Arkansas, Georgia, Houston, Michigan, Oklahoma State, Oregon, Virginia Tech.

Note that with LSU and Alabama automatically qualified for the BCS and a two-team limit per conference, Arkansas and Georgia cannot be chosen.

The first thing that happens is that the top two teams go into the title game, and the other contracted conference champions get put in their bowls.  So, we start with:

Title game: LSU vs Stanford
Rose: Wisconsin vs ?
Fiesta: Oklahoma vs ?
Sugar: ? vs ?
Orange: Clemson vs ?

The next step is that the bowls that lost conference champions to the title game get to choose replacement.  They always choose teams from their conference tie-in if one is available.  The Sugar chooses first because it lost the No. 1 team, and takes Alabama.  The Rose picks Oregon to replace Stanford.  Now, we have:

Title game: LSU vs Stanford
Rose: Wisconsin vs Oregon
Fiesta: Oklahoma vs ?
Sugar: Alabama vs ?
Orange: Clemson vs ?

Boise State and Cincinnati still have to go somewhere, so only one at-large spot is open.

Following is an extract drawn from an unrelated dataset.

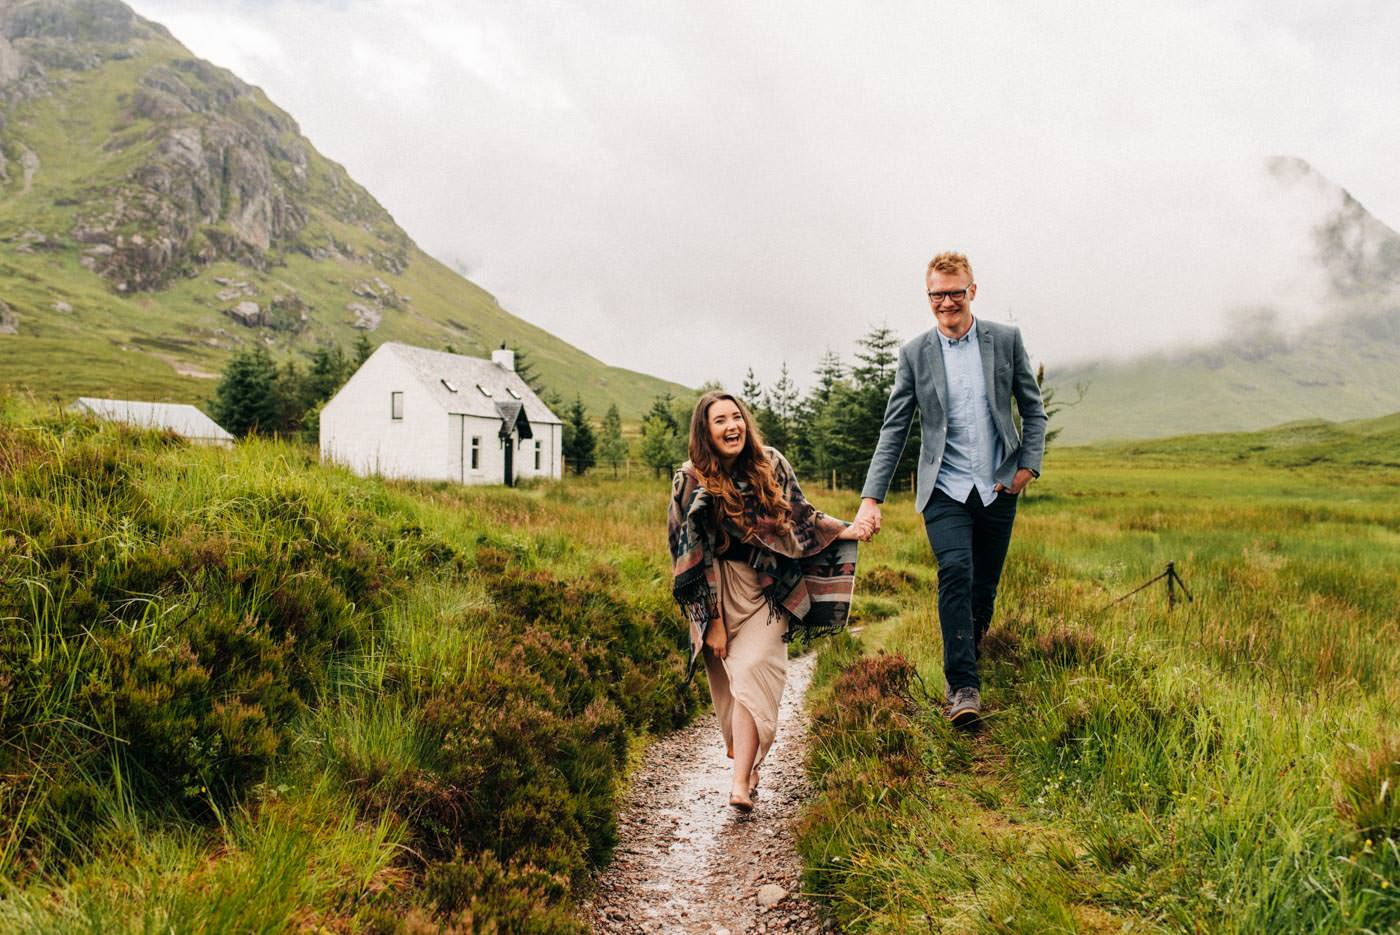 Isle of Skye Glencoe Elopement bride and groom

The Fiesta gets the first choice of selections for its game in this year's rotation, followed by the Sugar and Orange.  The Fiesta can chose from Boise State, Cincinnati, Houston, Michigan, Oklahoma State and Virginia Tech.

Michigan blows all of those other teams out of the water in terms of fan base and marquee value.  Not even close.  Also, Michigan's fan base would not be jaded by a recent run of success, as sometimes happens with other schools. 

However, two other choices would be much higher ranked:

Oklahoma State isn't a good choice because conference mate Oklahoma is already there.
Boise State would be OK, but the Fiesta has had the Broncos both times it has been in the BCS (including one memorable meeting with the Sooners), and would probably prefer to leave them for someone else.

So, while the Fiesta might go with Boise, but I think the allure of Michigan will be too good to pass up.

The Sugar gets the next pick, and with only Boise or Cincinnati to choose from, the Broncos are an easy choice.  The Bearcats end up in the Orange, and Oklahoma State and its 11-1 record drop out.

Them's the breaks.  Note that if either of the other bowls had first choice instead of the Fiesta, Oklahoma State would almost certainly be that choice.  Also, if the Fiesta did decide to choose Boise, OSU would almost certainly end up in the Sugar.